→ **Available data**:
= = = = = = =

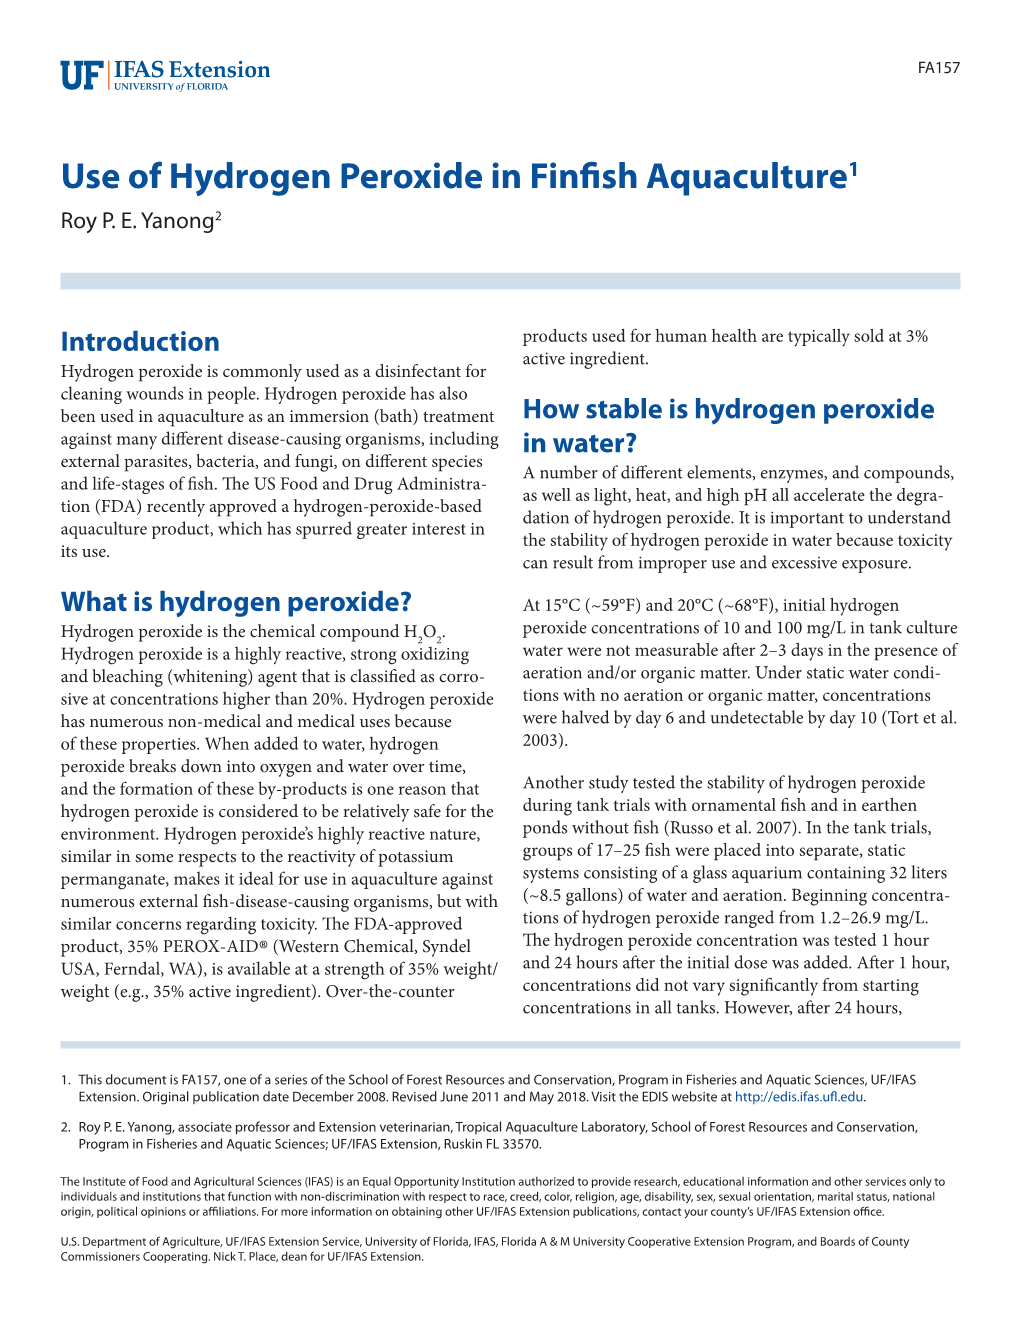 What Is Hydrogen Peroxide?
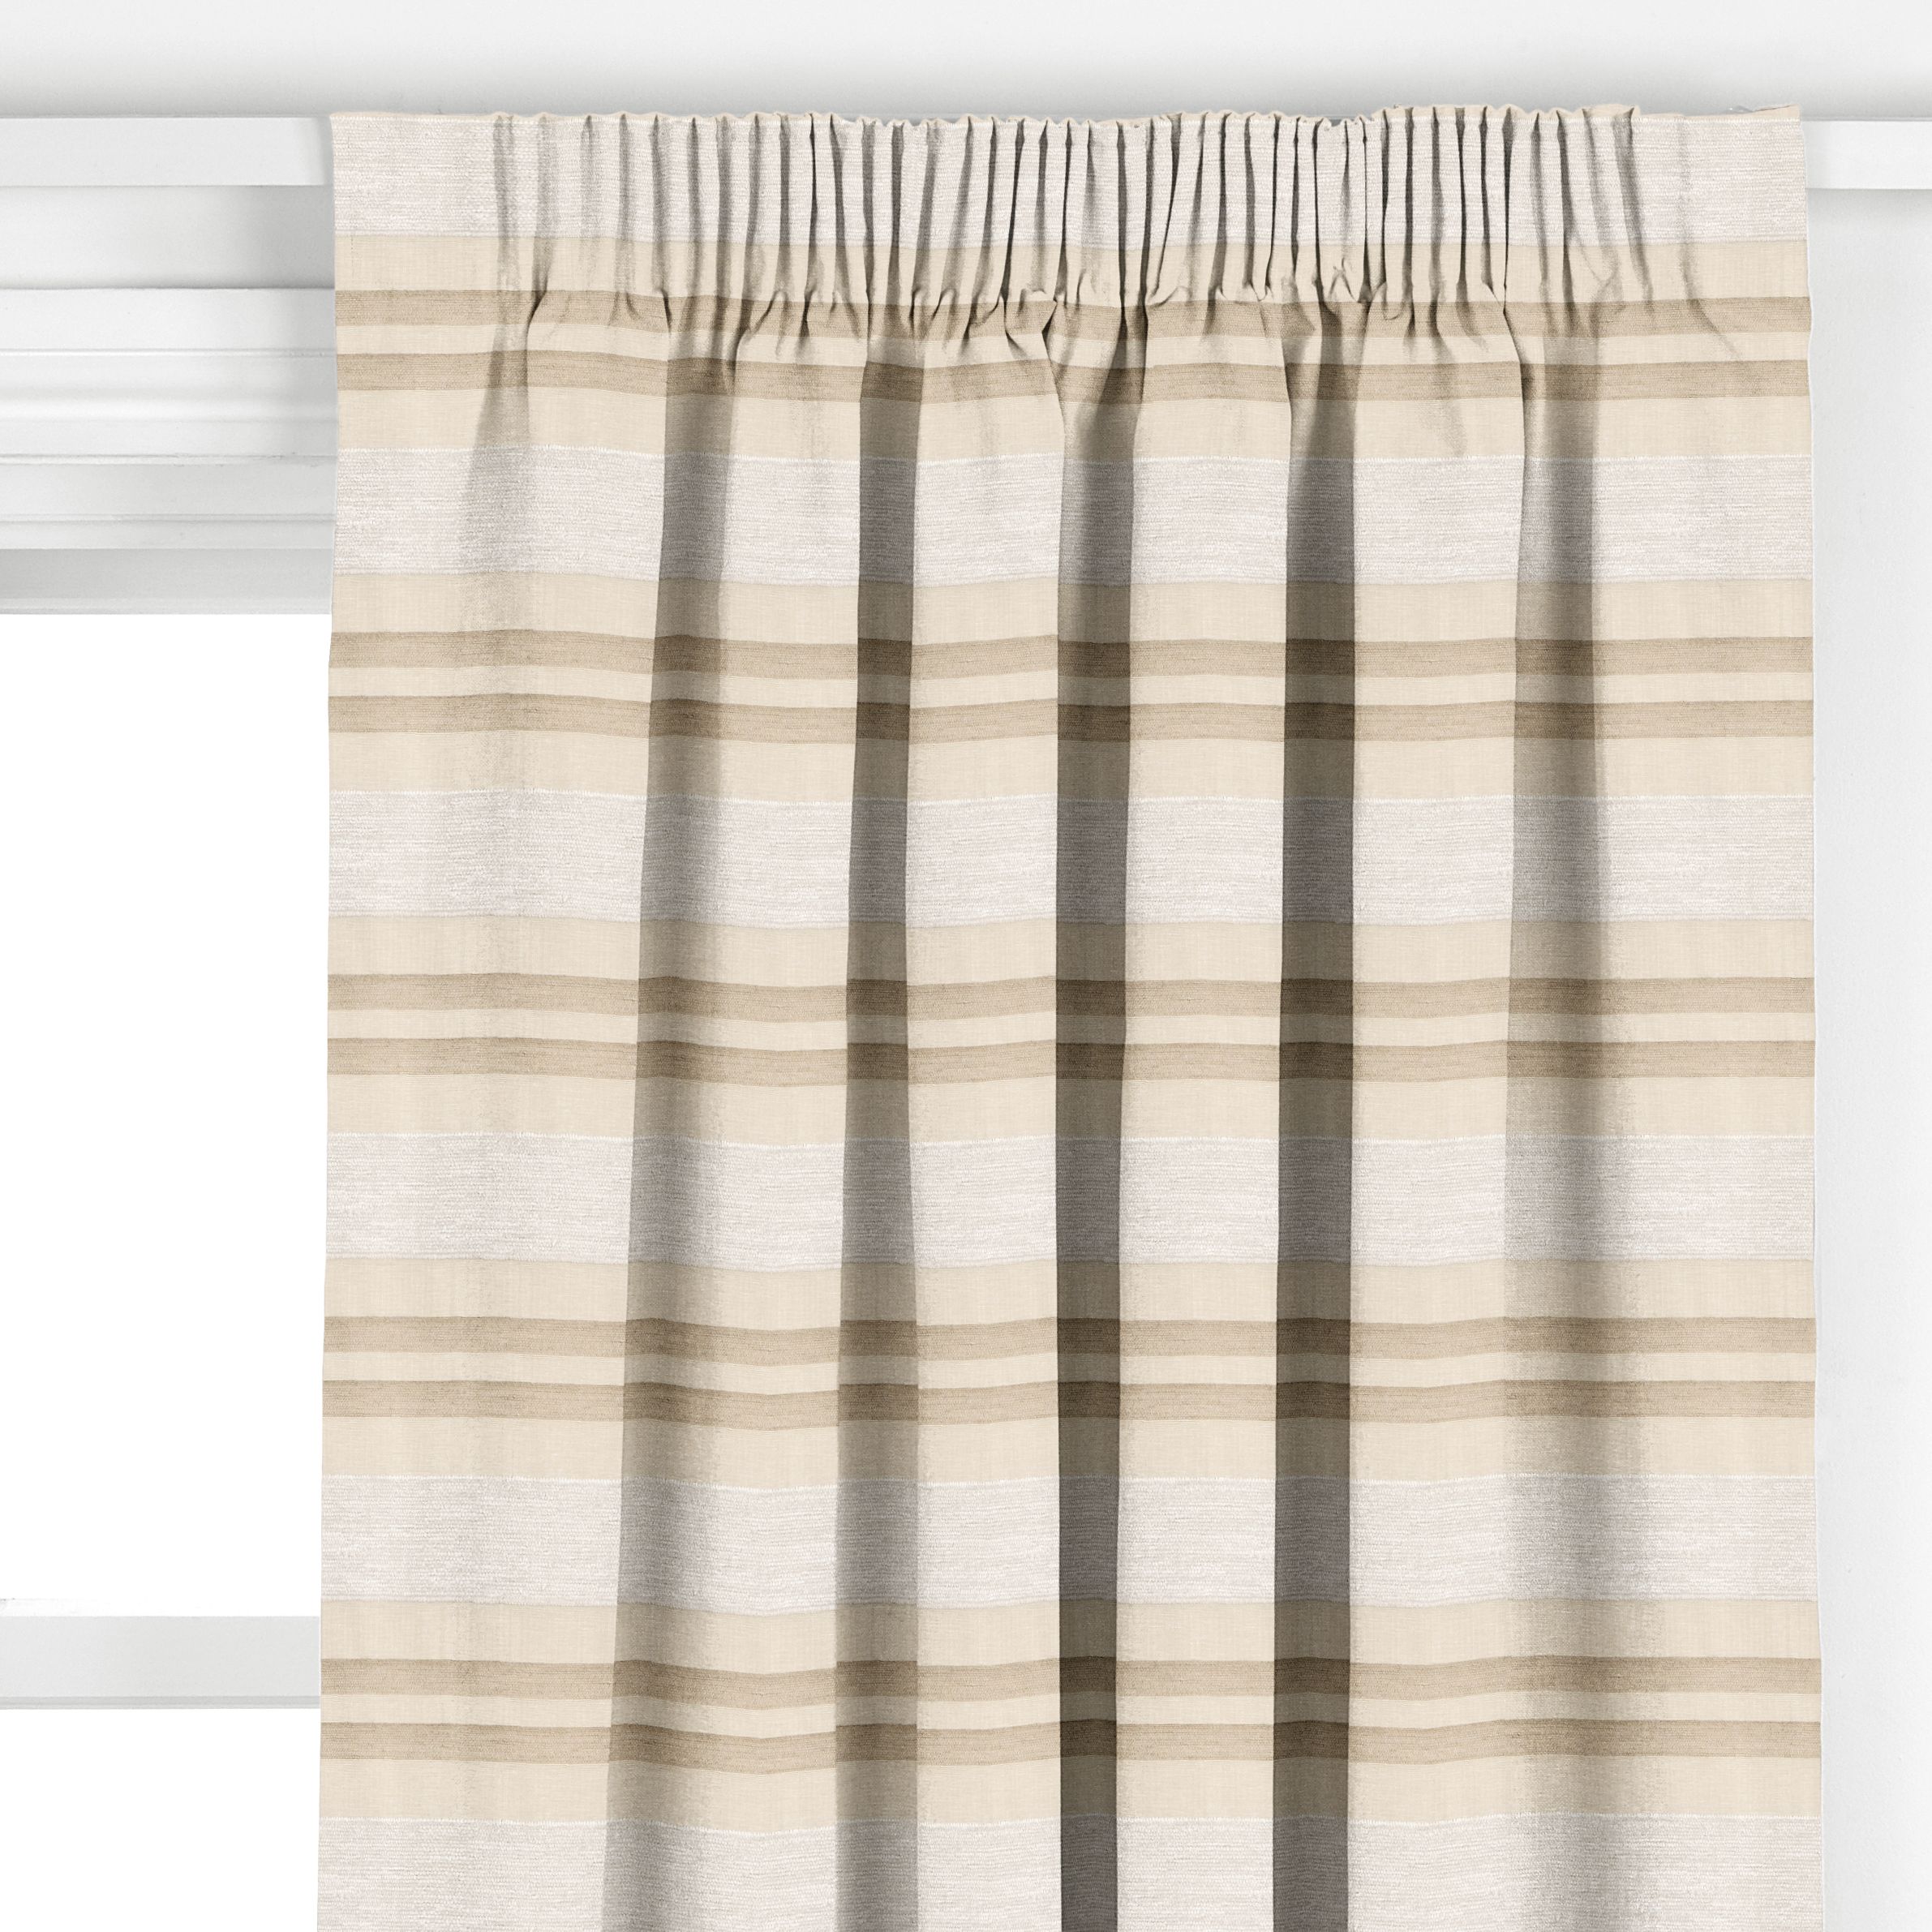 John Lewis Lovett Stripe Pencil Pleat Curtains,
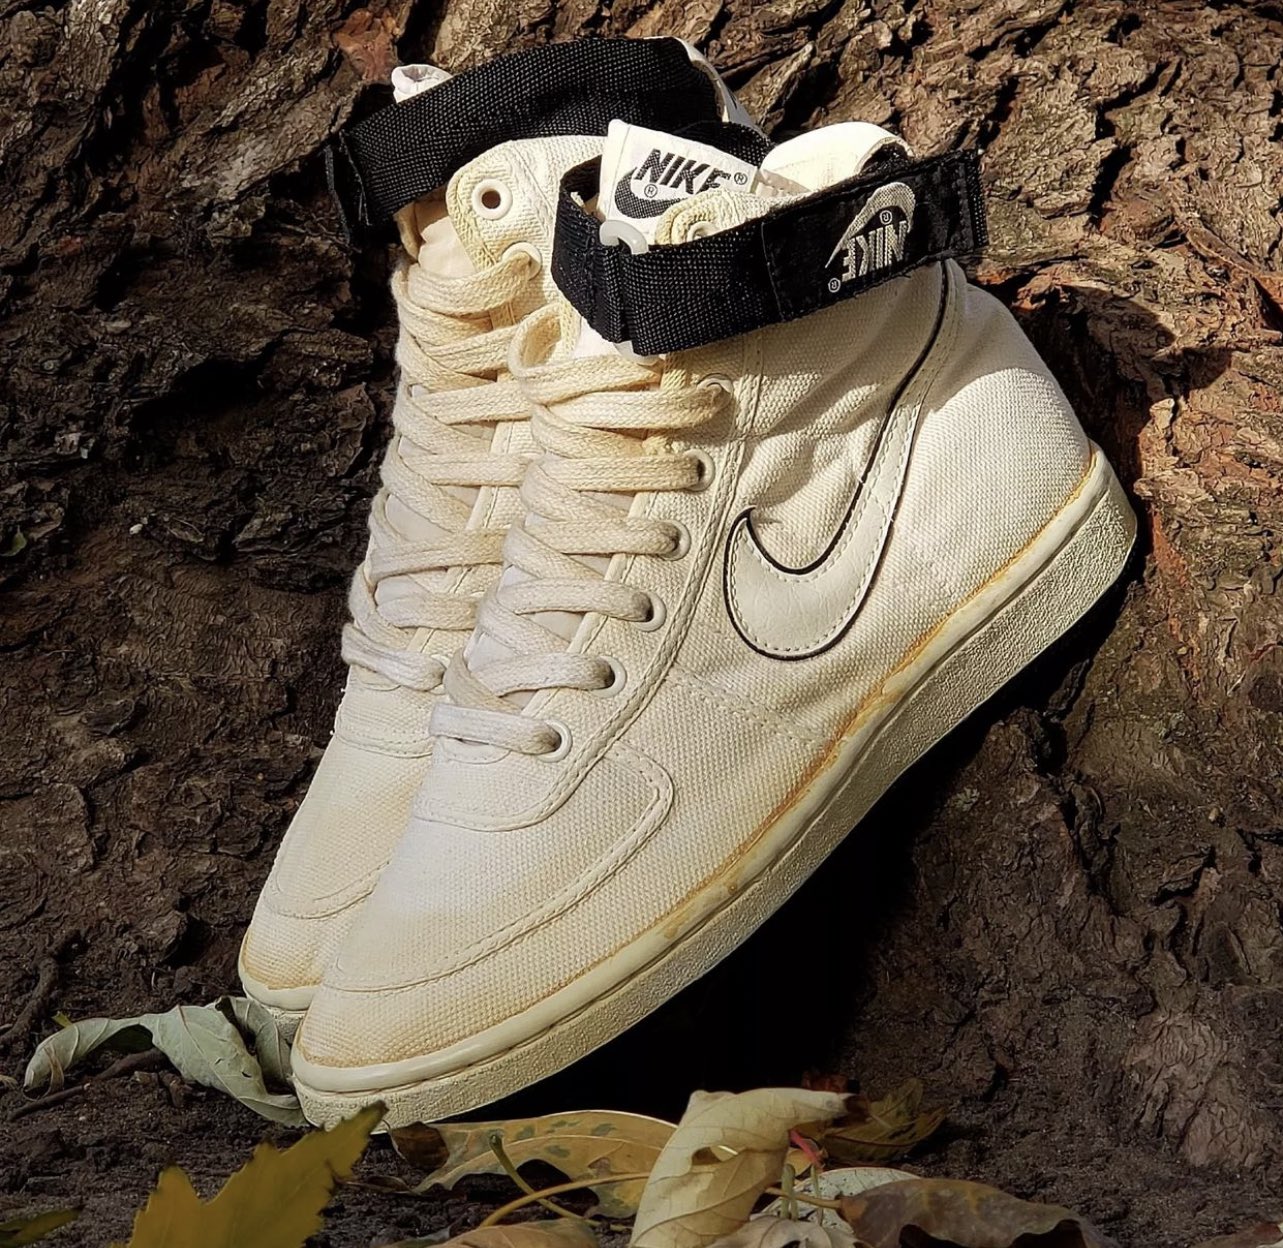 Nice Kicks on "'85 Nike Vandal Vintage 🎞 https://t.co/osbFSUtNhM" / Twitter
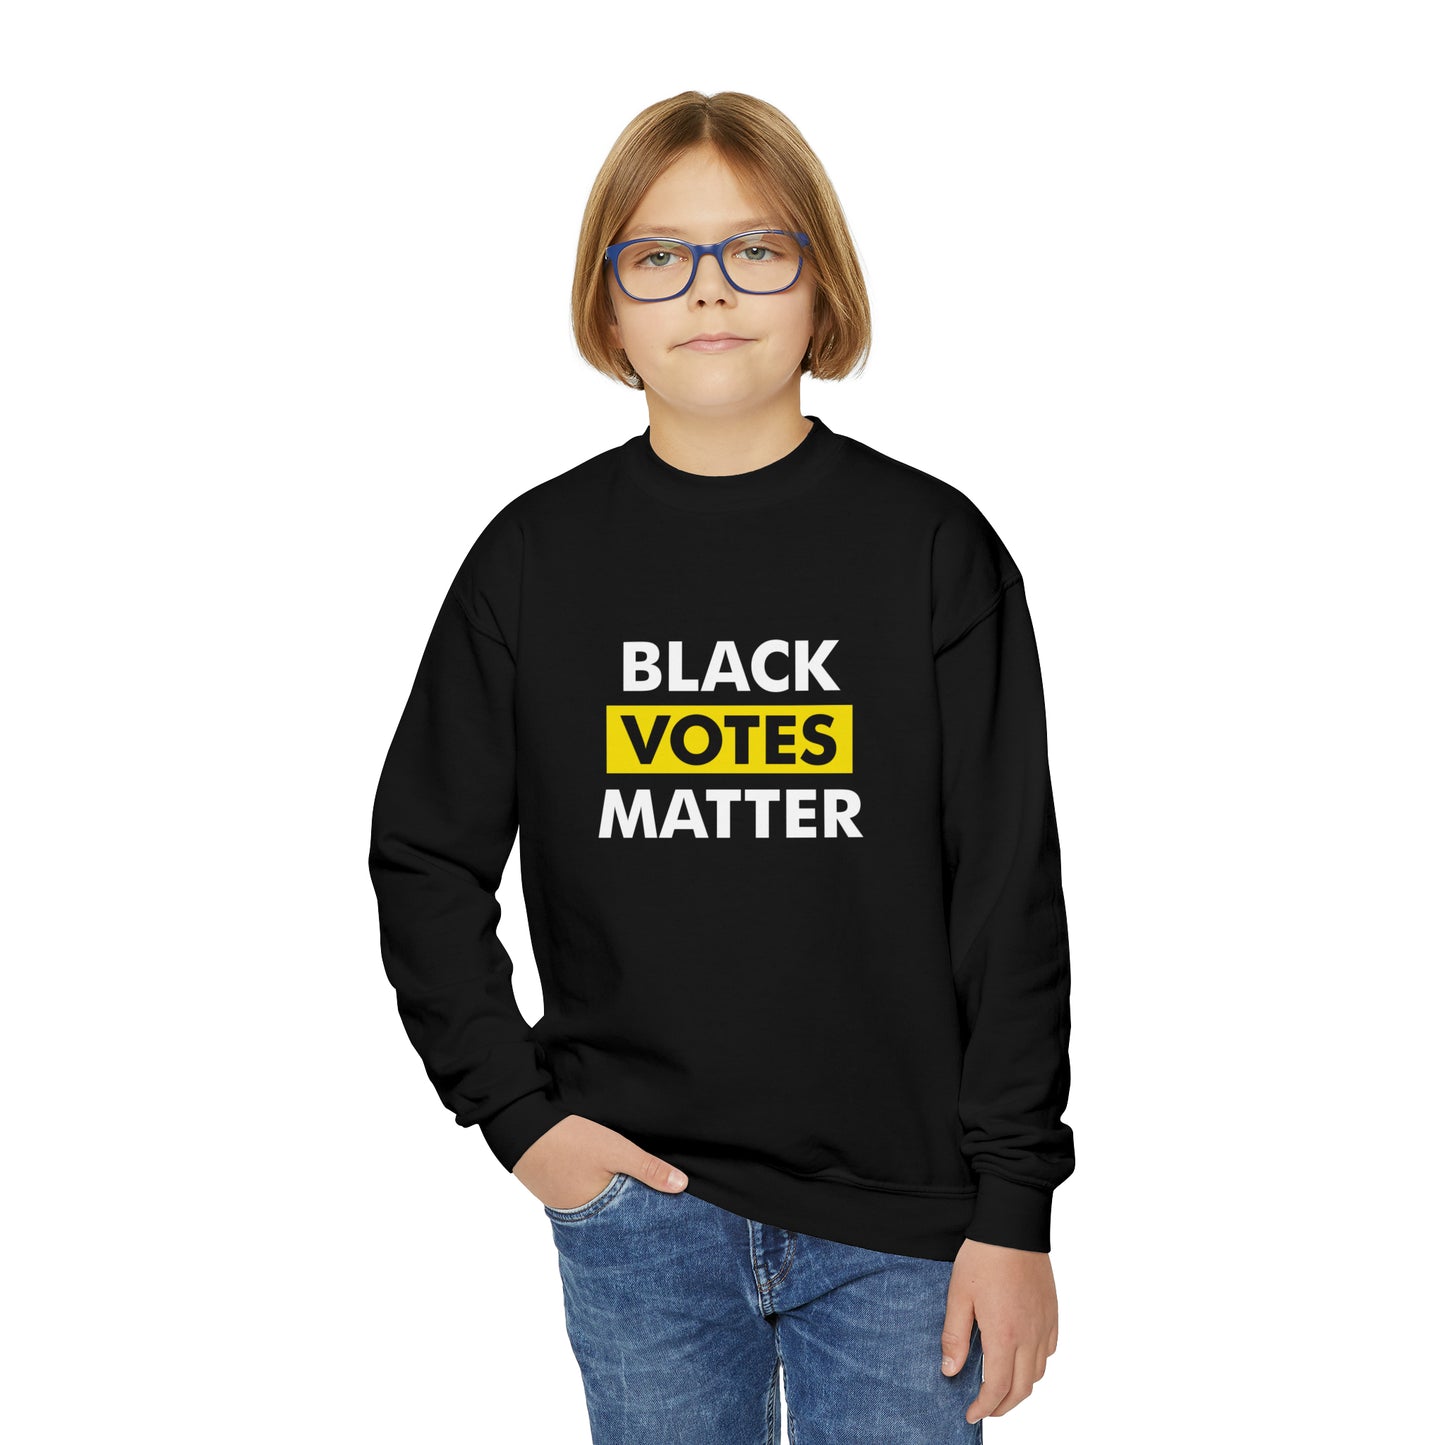 “Black Votes Matter” Youth Sweatshirt

= = = = = = =

→ **Task brief**:
Leave out the pictures, and please output only the lines from the line that contains "John Lewis Lovett" through the end of the data, both ends included.

→ **Final answer**:
 John Lewis Lovett Stripe Pencil Pleat Curtains,
 Nice Kicks on "'85 Nike Vandal Vintage 🎞 https://t.co/osbFSUtNhM" / Twitter
 “Black Votes Matter” Youth Sweatshirt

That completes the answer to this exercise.